On 03/13/2015 10:25 AM, Peter Krempa wrote:
Surprisingly we did not grab a VM job when a block job finished and we'd happily rewrite the backing chain data. This made it possible to crash libvirt when queueing two backing chains tightly and other badness.
My fault for violating the rule of 'no VM modifications without a job'. Thanks for finding and fixing this.
To fix it, add yet another handler to the helper thread that handles monitor events that require a job. --- src/qemu/qemu_domain.h | 2 + src/qemu/qemu_driver.c | 142 ++++++++++++++++++++++++++++++++++++++++++++++++ src/qemu/qemu_process.c | 129 ++++++++----------------------------------- 3 files changed, 168 insertions(+), 105 deletions(-)
+processBlockJobEvent(virQEMUDriverPtr driver, + virDomainObjPtr vm, + char *diskAlias, + int type, + int status) +{ + virObjectEventPtr event = NULL; + virObjectEventPtr event2 = NULL; + const char *path; + virDomainDiskDefPtr disk; + virQEMUDriverConfigPtr cfg = virQEMUDriverGetConfig(driver); + virDomainDiskDefPtr persistDisk = NULL; + bool save = false; + + if (qemuDomainObjBeginJob(driver, vm, QEMU_JOB_MODIFY) < 0) + goto cleanup; + + if (!virDomainObjIsActive(vm)) { + VIR_DEBUG("Domain is not running"); + goto endjob; + }
Hmm.
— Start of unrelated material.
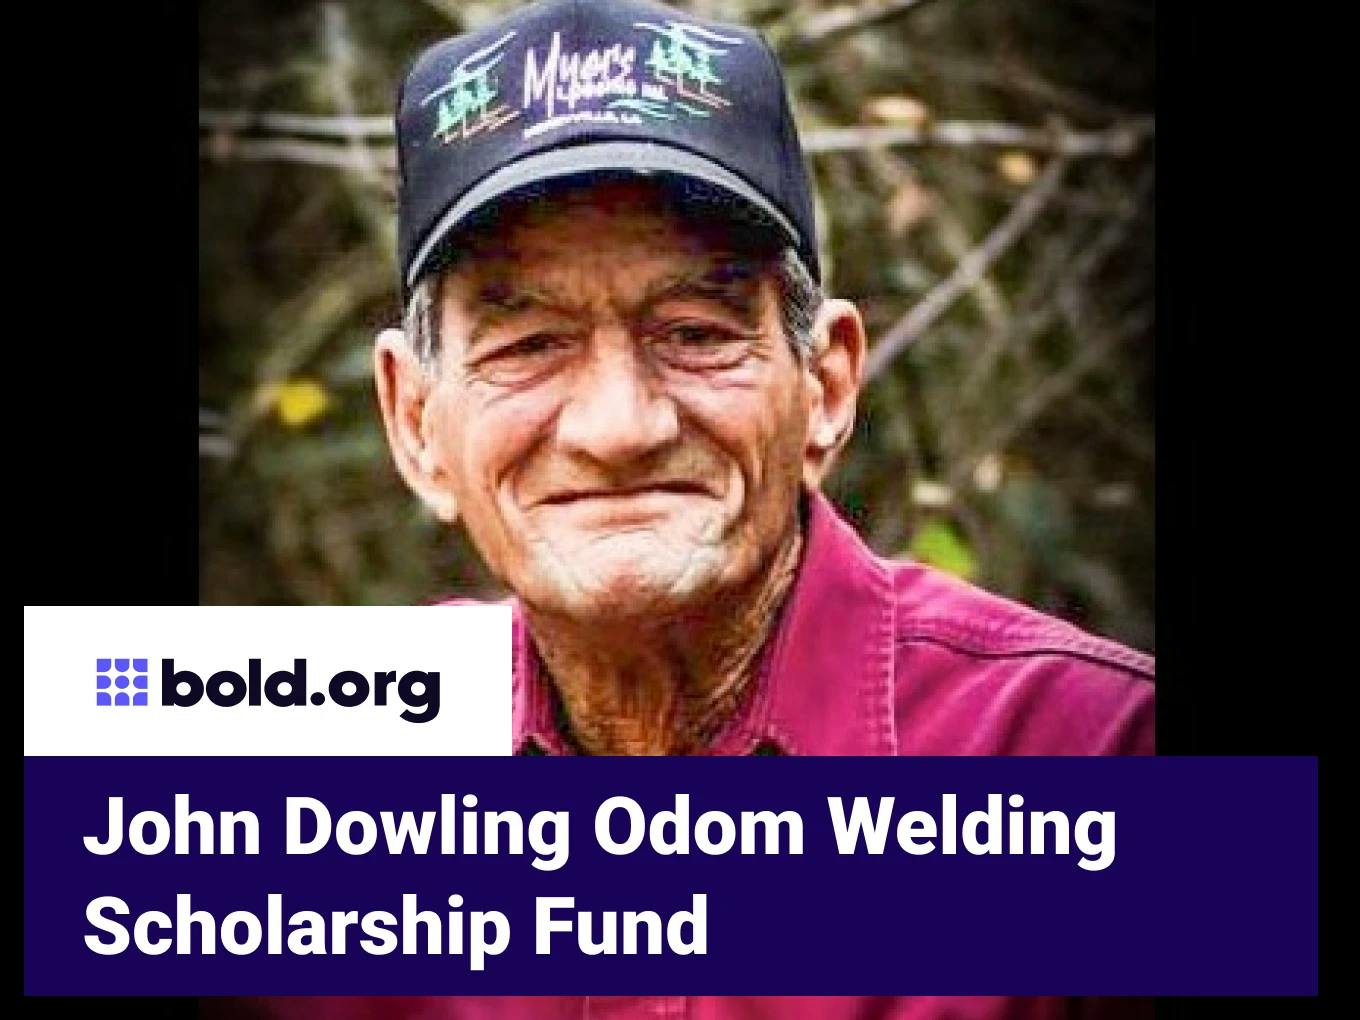 John Dowling Odom Welding Scholarship Fund

I suspect we could hit the situation where the pivot after active block commit or block copy happens just before the guest quits, and thus where we fail to update the XML to record that the pivot happened and instead leave the XML in its old state. Probably not the end of the world (at that point, the amount of work done by the guest after pivot is not much, so restarting the guest from the unpivoted disk is hopefully not inconsistent); except that a guest shutting down might make the small modification of marking a file system clean that turns out to have a large impact on how the guest next starts if it starts from the wrong disk. I don't know if we can do any better, and at a minimum this is a strict improvement over what we had before, so I'm not going to reject the patch because of it, but it is food for thought. [Actually, we probably need the notion of persistent bitmaps, which looks like it might hit qemu 2.4, before we can guarantee that we KNOW when a pivot job completed or failed, and thus always update the XML correctly, based on the state of the persistent bitmap file]
virObjectLock(vm); - disk = qemuProcessFindDomainDiskByAlias(vm, diskAlias);
- if (disk) {
The old code was locking the VM, but modifying without a job.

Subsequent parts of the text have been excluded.